If I had a dollar for every time I've heard the term "smart money" bandied about on financial television programs, I'd have a lot of ... smart money. It conjures up images of brilliant investors making ingenious purchases, but it more often refers to where big gobs of money are heading at this particular moment -- and the next moment, and the one after that.

And that money is not necessarily smart, because when investors trade frequently, their results suffer. A decade ago, for example, business school professors Brad Barber and Terrance Odean studied thousands of investors' trading behaviors and results. The average household had a net annualized geometric mean return of about 15.3%, compared with a market gain of 17.1%. But those households that traded most often only realized a 10% annual gain.

The conclusion? Frequent trading is "hazardous to your wealth."

So, what's the real smart money?

Be smart and index
While the talking heads spout on about minute-to-minute predictions, great fortunes have been built by people who bought into healthy, growing companies and then held on for the long haul. Warren Buffett, who built his entire fortune from scratch, has said that his favorite holding period is "forever."

But what about those of us who aren't Warren Buffett, who don't have a deep understanding of various industries, but who do believe in the future of American business? According to Buffett:

That investor should both own a large number of equities and space out his purchases. By periodically investing in an index fund, for example, the know-nothing investor can actually out-perform most investment professionals. Paradoxically, when 'dumb' money acknowledges its limitations, it ceases to be dumb.

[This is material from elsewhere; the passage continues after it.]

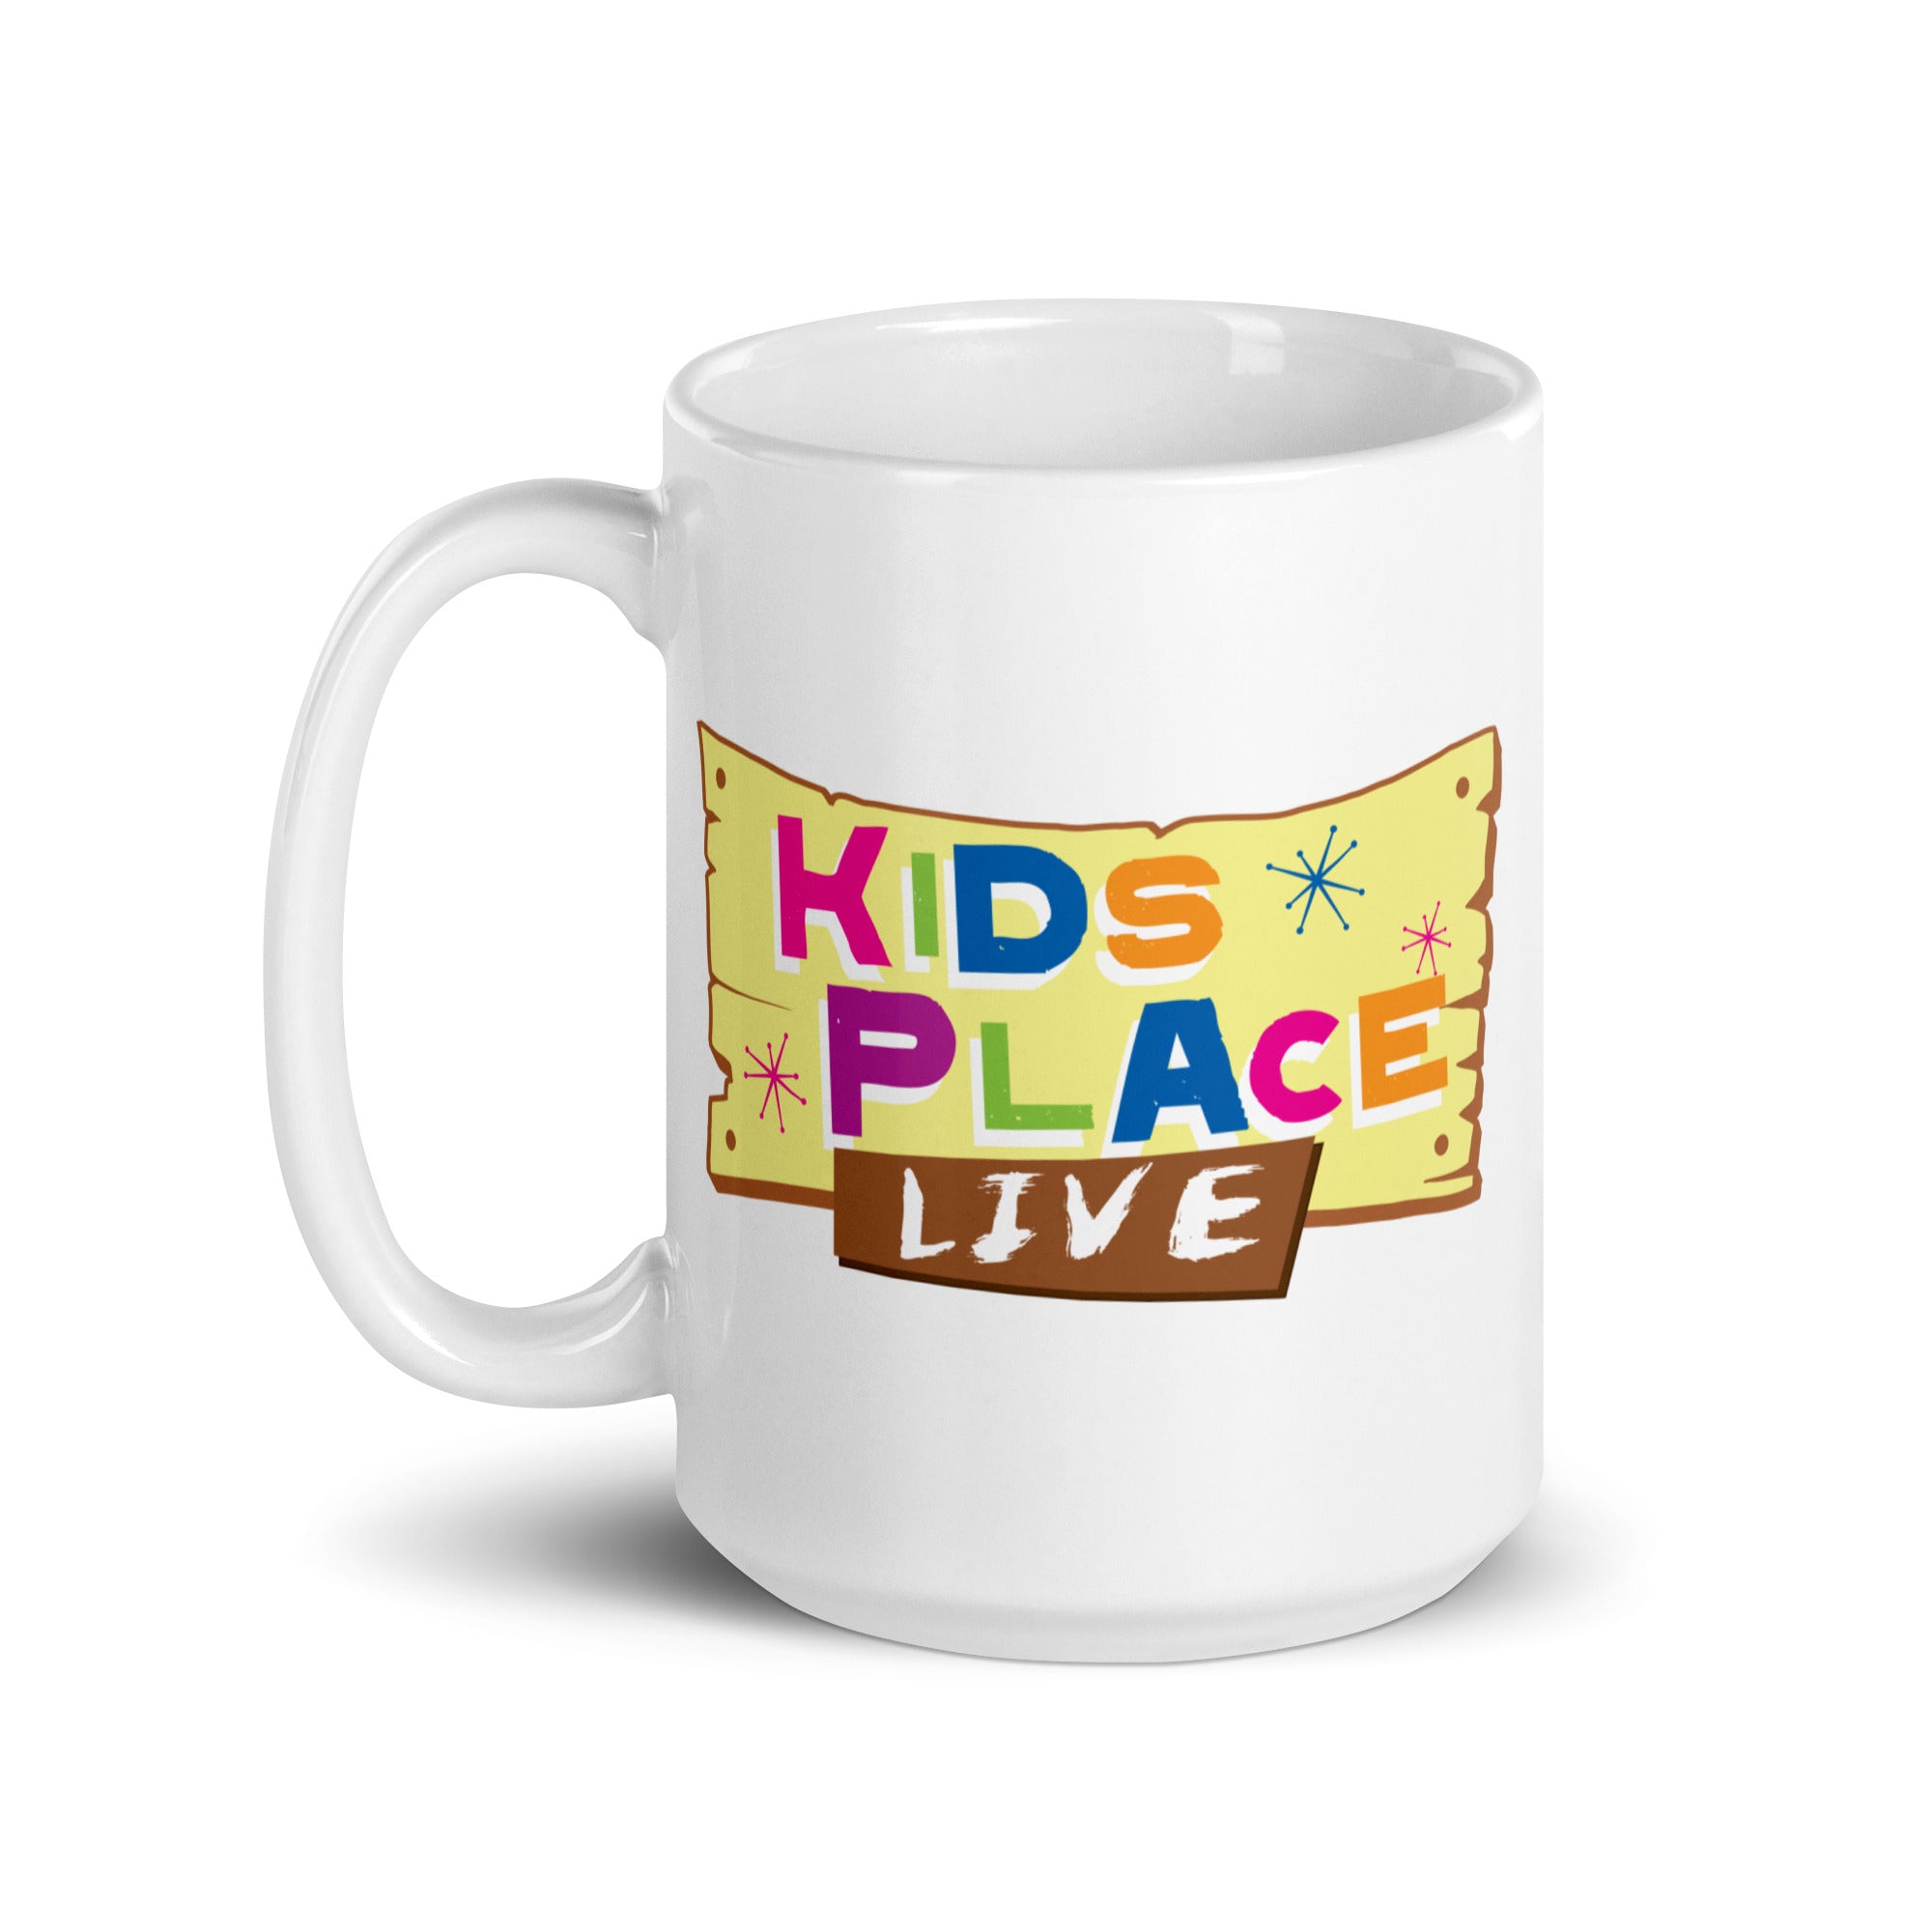 Kids Place Live: Mug

The majority of managed mutual funds, which are how many investors diversify their investments, fail to outperform simple index funds. By being average, then, you'll be above-average. You'll outperform lots of Wall Street pros. Now that's smart!

Be smart and use stocks
Of course, you might aim to do even better than the market's return. If you do have a solid handle on a few industries, adding some individual stocks to your portfolio (perhaps in addition to an index fund) might very well be smart.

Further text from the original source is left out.